-------- Source data
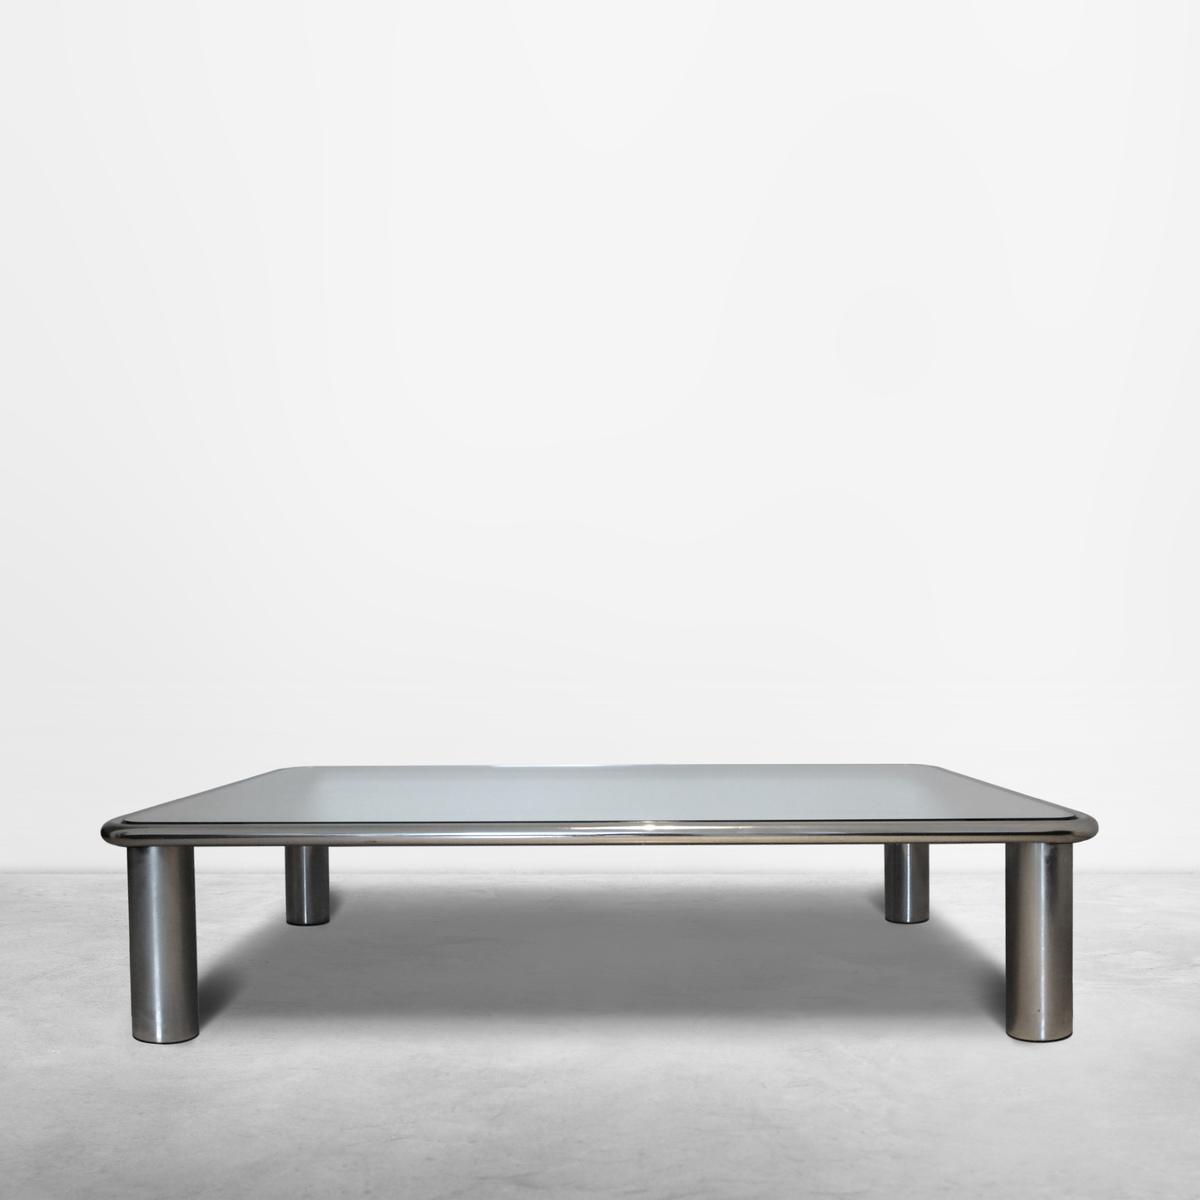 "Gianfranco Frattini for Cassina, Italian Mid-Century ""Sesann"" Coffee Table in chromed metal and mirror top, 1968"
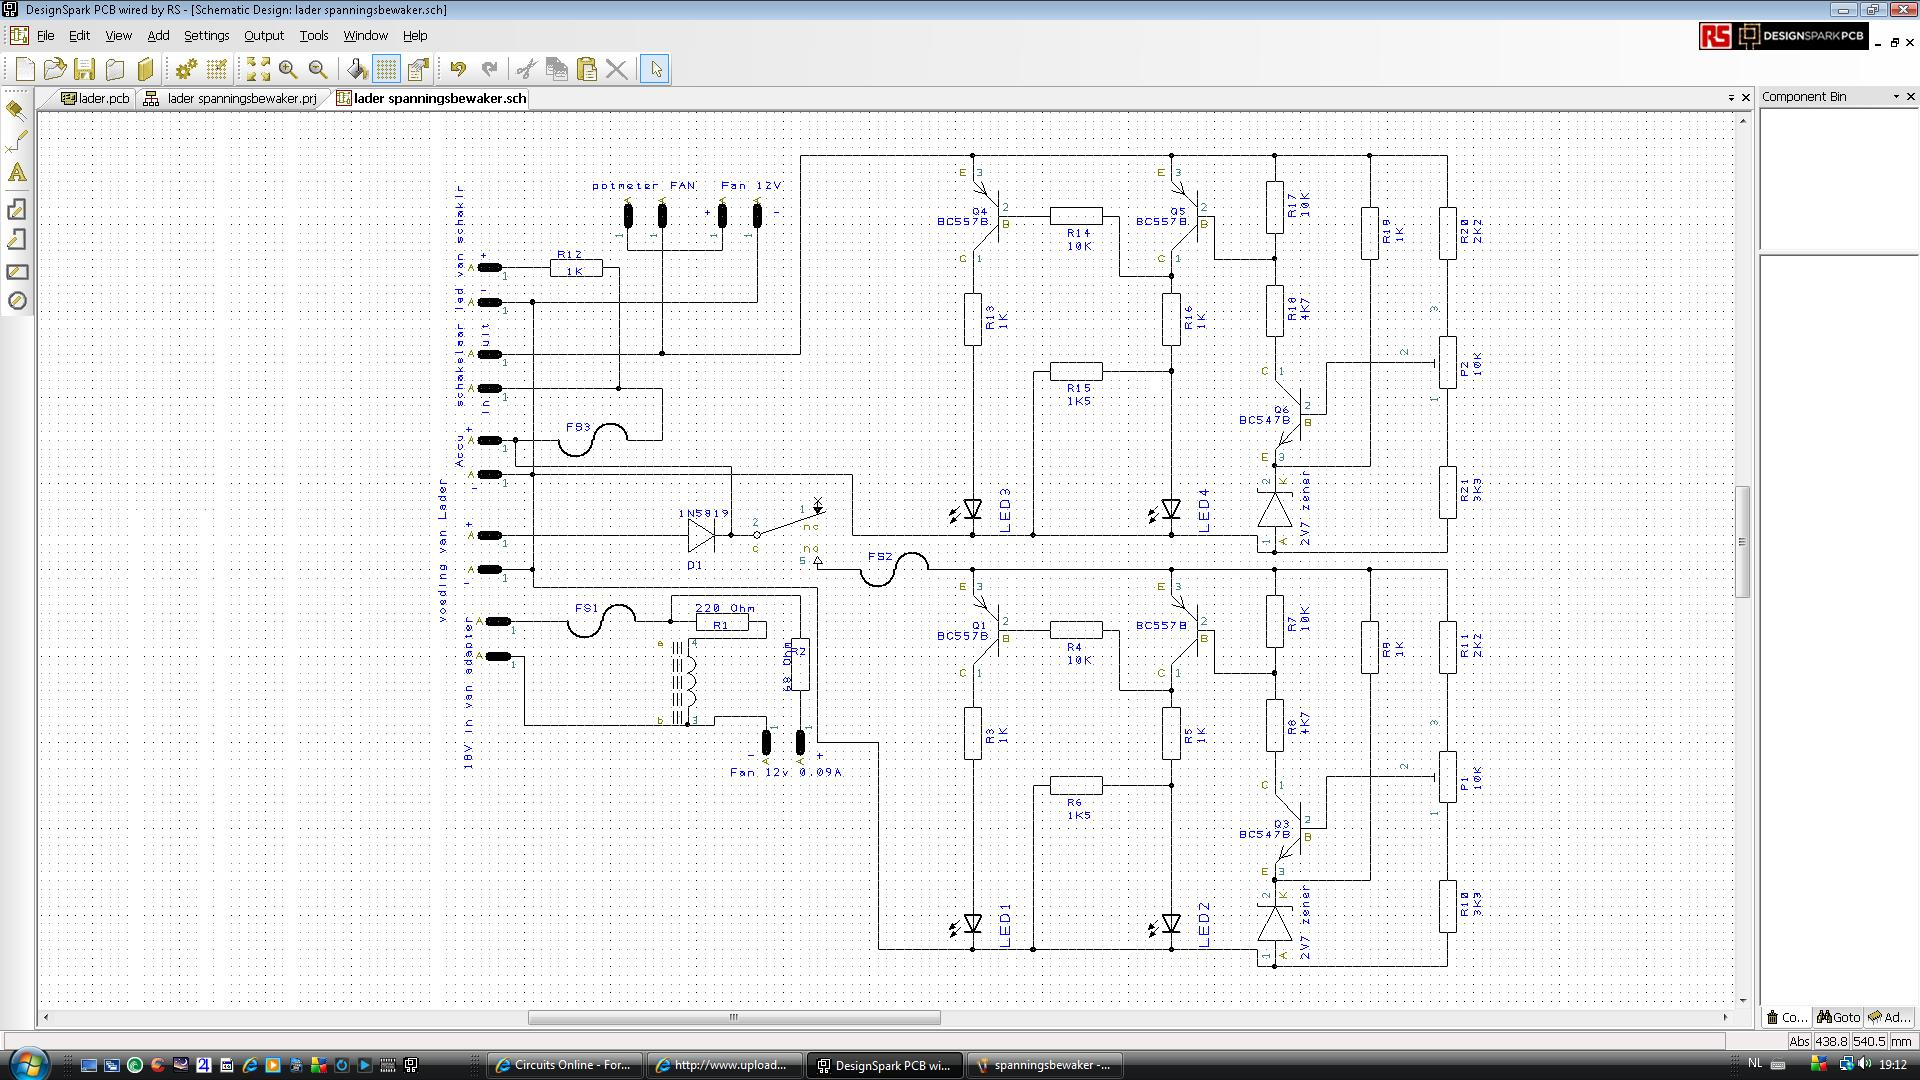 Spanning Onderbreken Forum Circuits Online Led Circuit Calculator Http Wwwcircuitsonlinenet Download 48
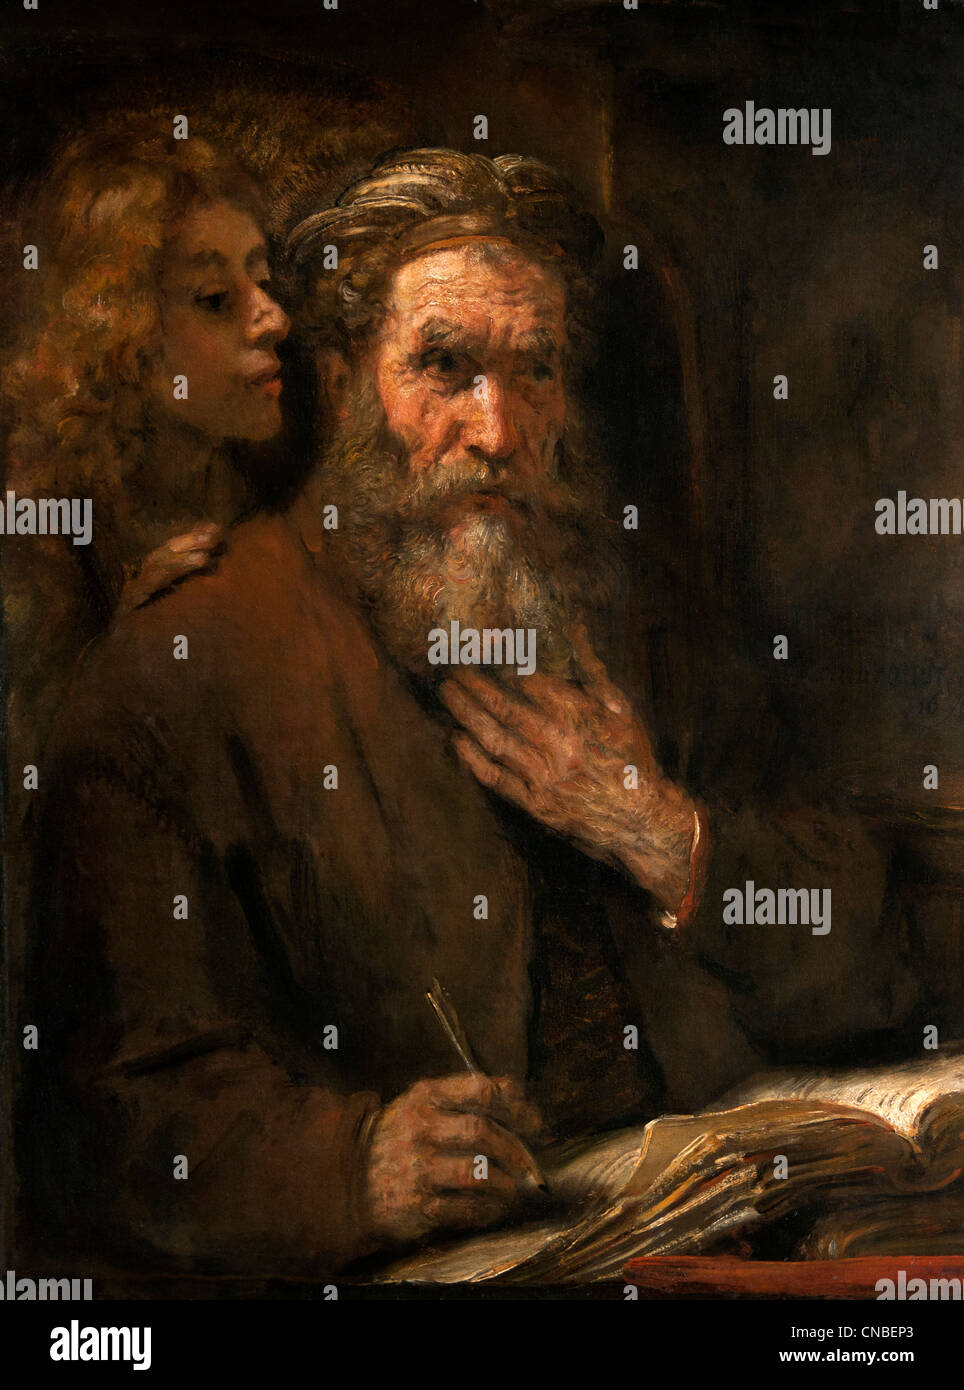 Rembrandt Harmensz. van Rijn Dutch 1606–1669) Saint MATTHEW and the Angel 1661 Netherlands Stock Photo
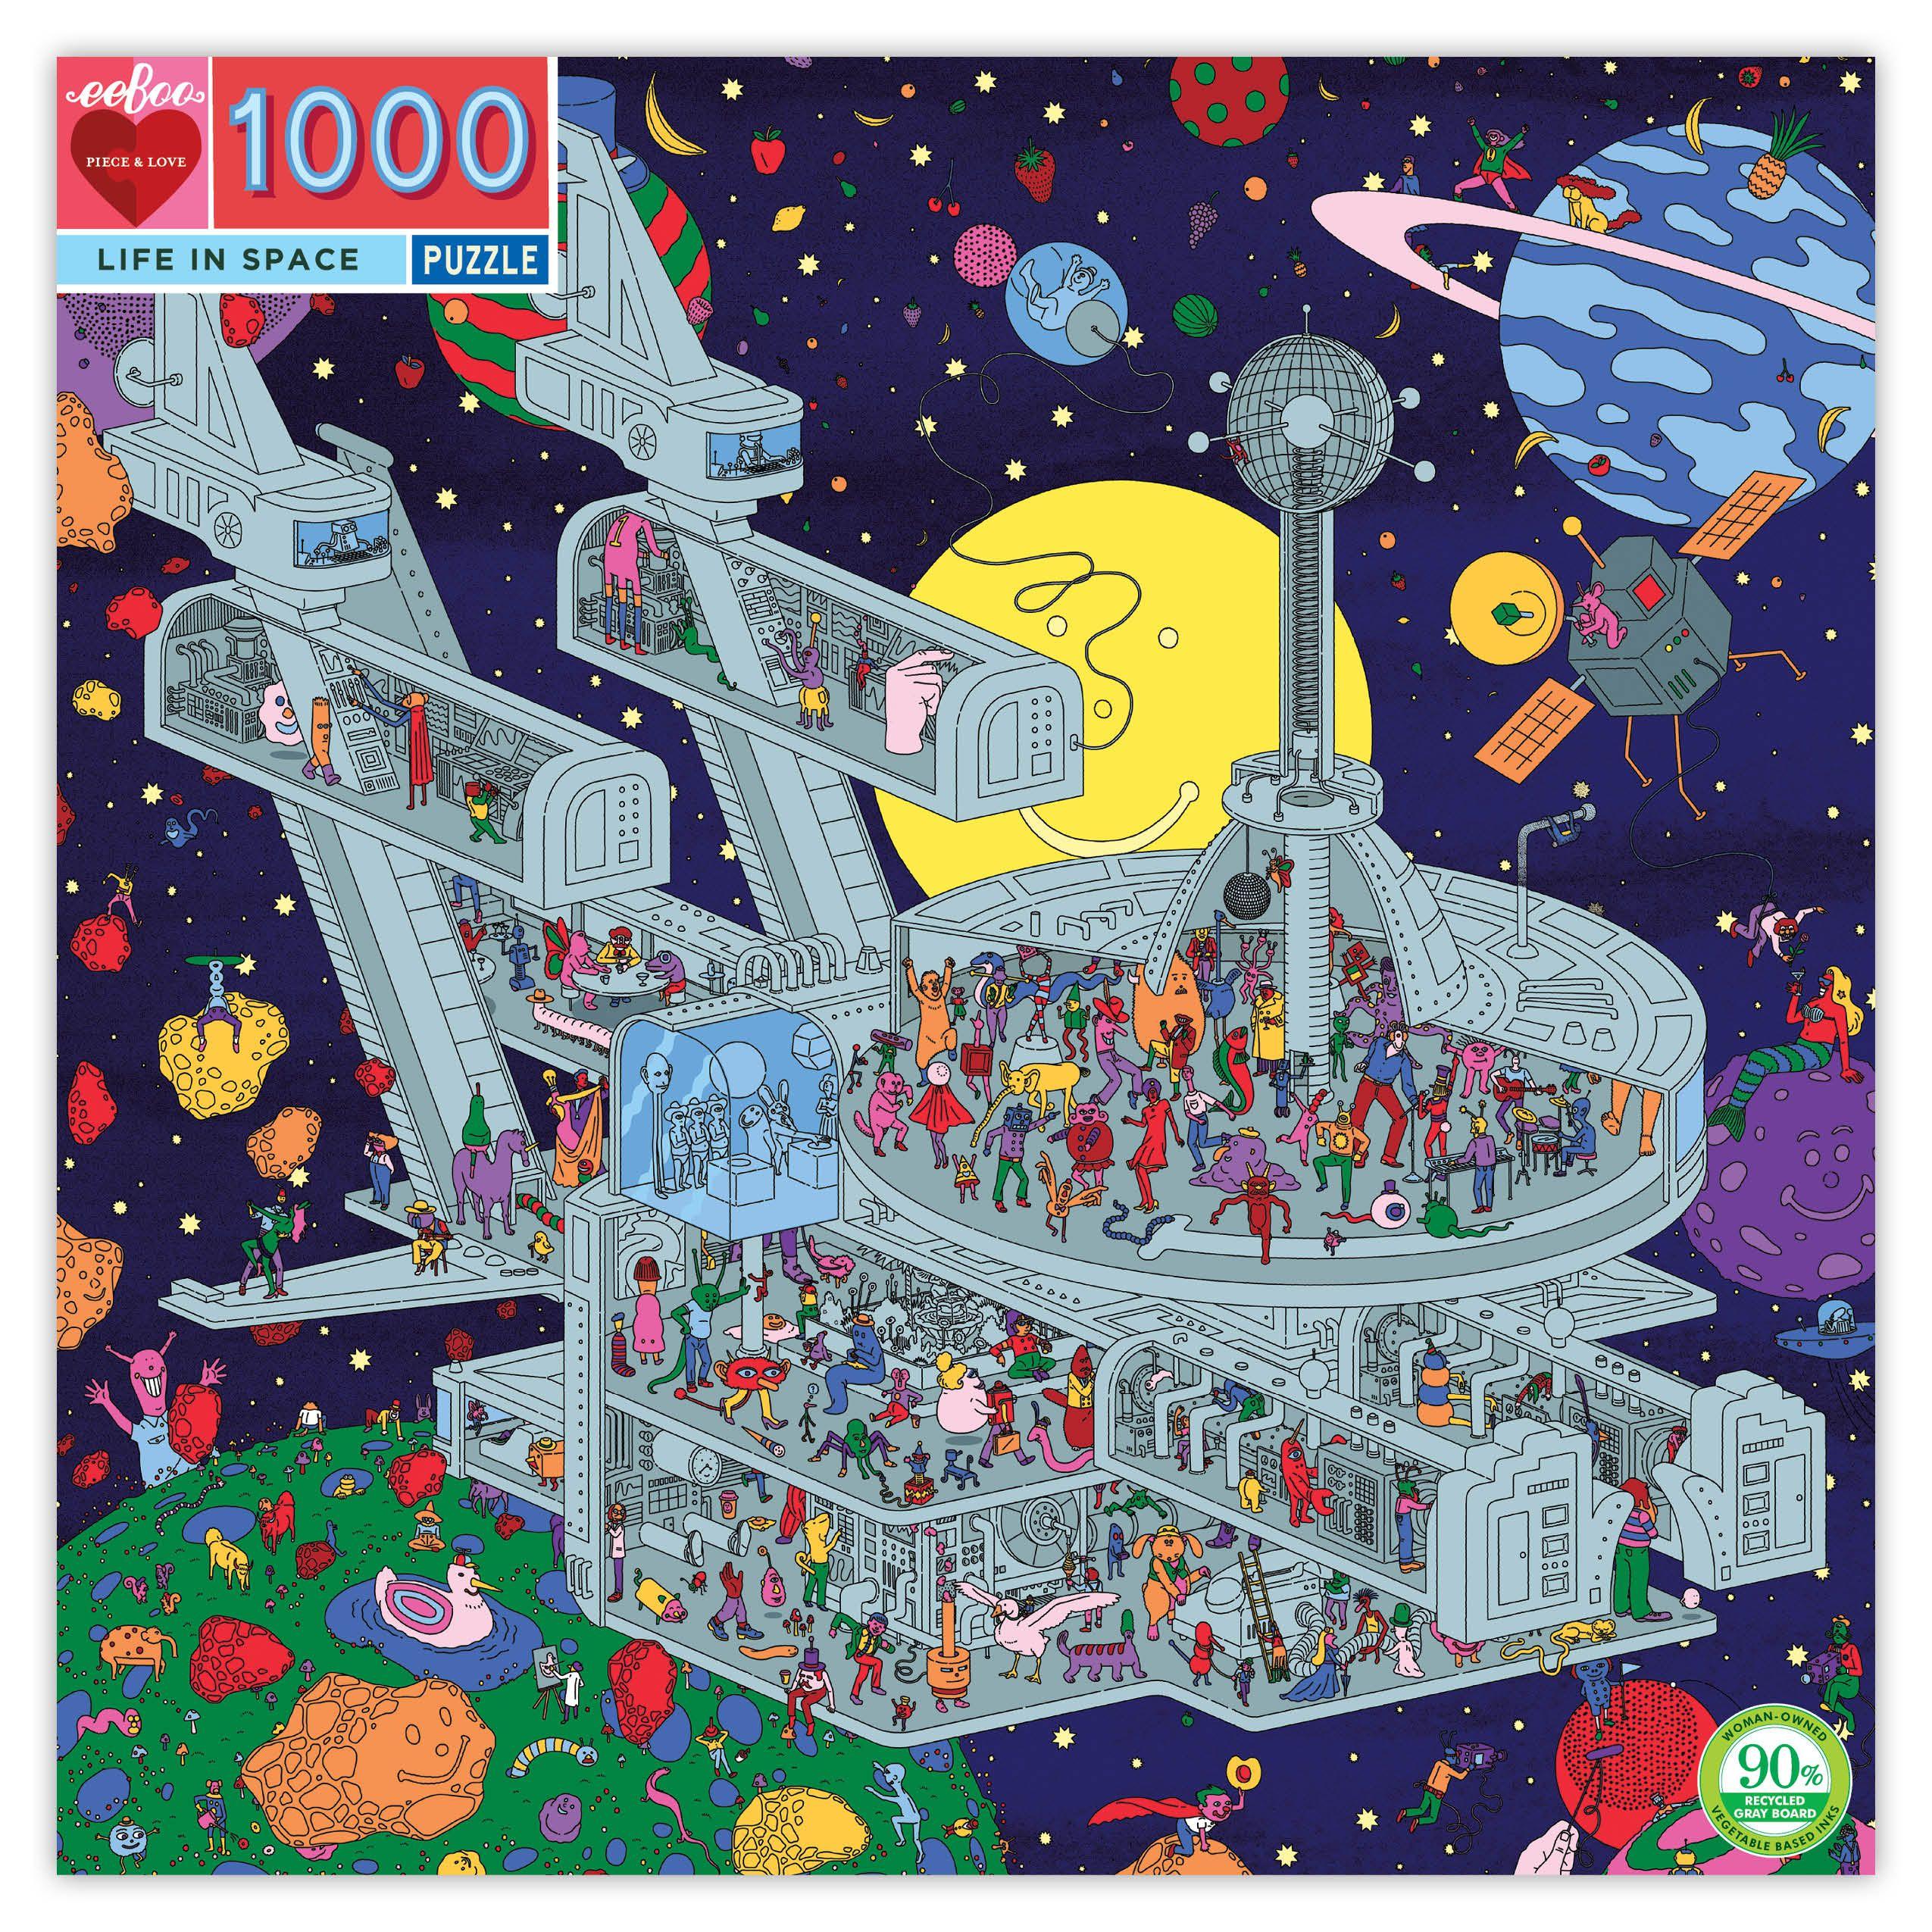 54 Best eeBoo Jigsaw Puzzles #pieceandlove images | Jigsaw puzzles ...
----------------
The listing above must be printed again exactly, minus its pictures.

**Solved exercise**.
 "Gianfranco Frattini for Cassina, Italian Mid-Century ""Sesann"" Coffee Table in chromed metal and mirror top, 1968"
 Spanning Onderbreken Forum Circuits Online Led Circuit Calculator Http Wwwcircuitsonlinenet Download 48
 Rembrandt Harmensz. van Rijn Dutch 1606–1669) Saint MATTHEW and the Angel 1661 Netherlands Stock Photo
 54 Best eeBoo Jigsaw Puzzles #pieceandlove images | Jigsaw puzzles ...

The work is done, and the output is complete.